GROUP ACTIVITIES AND REFERENCE MARKET

After a slight contraction in 2024, global production of passenger cars and light commercial vehicles up to 6 tons recorded a modest 1% increase in the first three months of 2025 compared to 2024, reaching 21.7 million units. However, notwithstanding this positive headline, the automotive sector presented a mixed picture across regions and continued to face mounting challenges.

A major factor weighing on the industry was the introduction of new tariffs, particularly by the U.S. administration — a key risk to global light vehicle production. These measures include direct tariffs on vehicles and vehicle parts affecting North America and countries exporting to the U.S. such as Japan, Korea and Europe, as well as more general reciprocal and retaliatory tariffs impacting other international markets. Some original equipment manufacturers (OEMs) even halted production and shipments to limit exposure to tariffed overstocking.

At the same time, the broader macroeconomic scenario remained fragile, with global GDP growth forecast at just 2.3% for 2025 — the weakest performance since 2009, excluding the COVID-19 years. High interest rates, affordability pressures, and weakening consumer confidence continued to weigh on vehicle demand in many markets.

The transition to electrification is also proving more complex than expected. While battery electric vehicle (BEV) sales continued to grow, their pace slowed in several regions as governments reviewed subsidy schemes and regulatory targets. In response to affordability concerns, uneven infrastructure, and shifting policies, carmakers adopted a more cautious approach, delaying or partly redefining their electrification strategies.

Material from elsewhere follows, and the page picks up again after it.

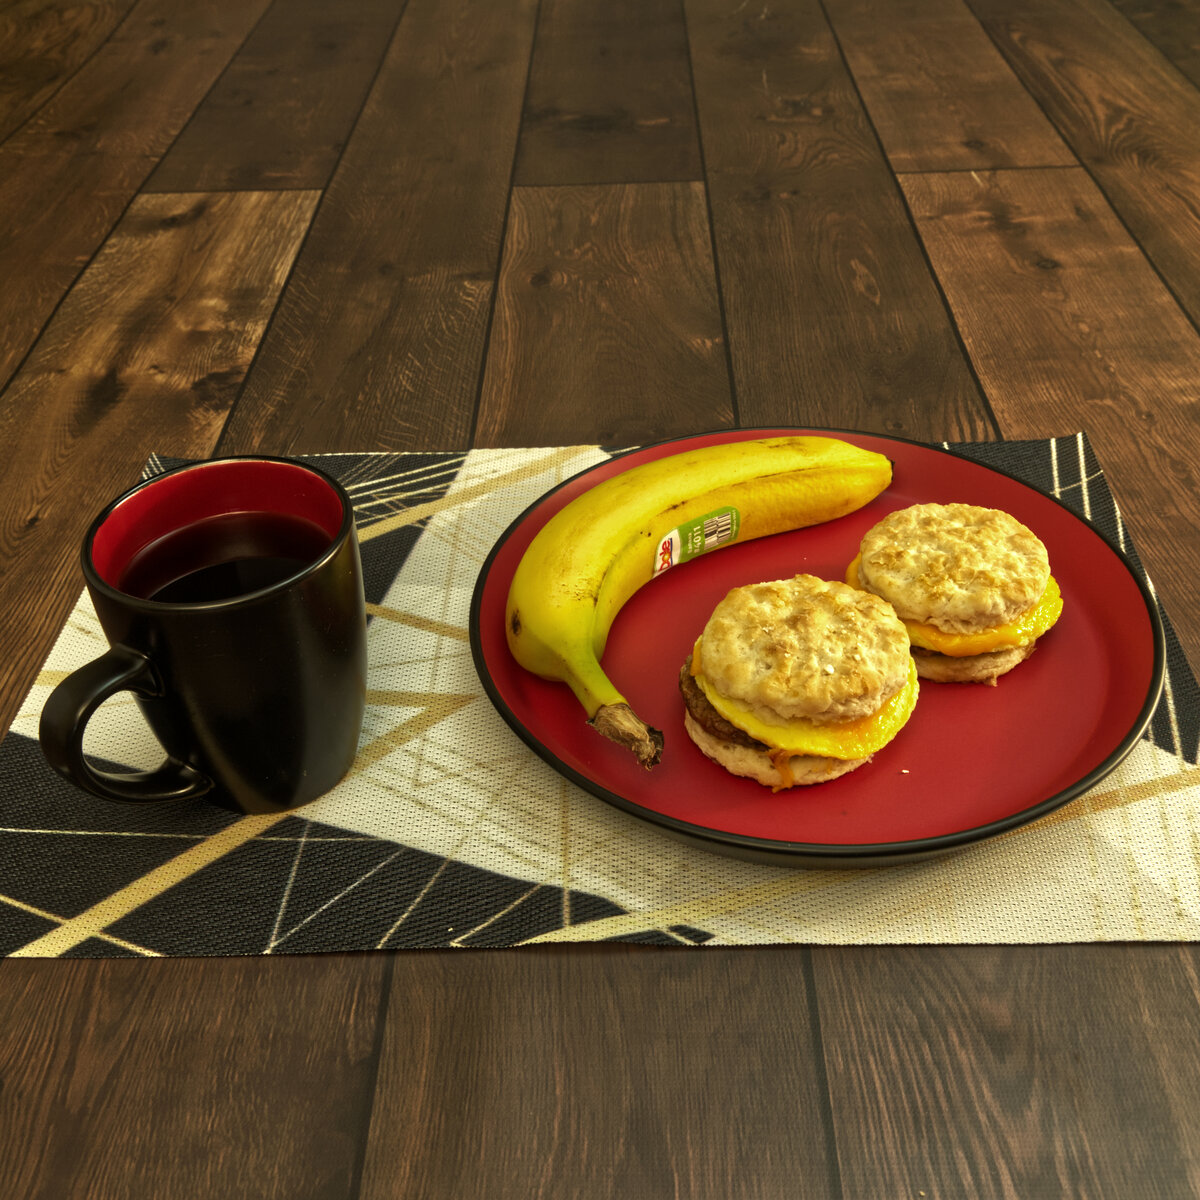 Sausage, Egg and Cheese Breakfast Biscuits, Banana and Coffee

Uncertainties due to conflicts (Russia-Ukraine and the Middle East) continued, impacting economic activity and consumer sentiment.

Looking at regional trends, the European automotive market started slow in Q1 2025, with a 7% decline, driven by weak consumer sentiment and persistent macroeconomic uncertainty. It is also worth noting that Q1 2024 provided a relatively strong comparison base. Light vehicle production in Europe is expected to underperform in 2025, declining by 3% compared to the previous year.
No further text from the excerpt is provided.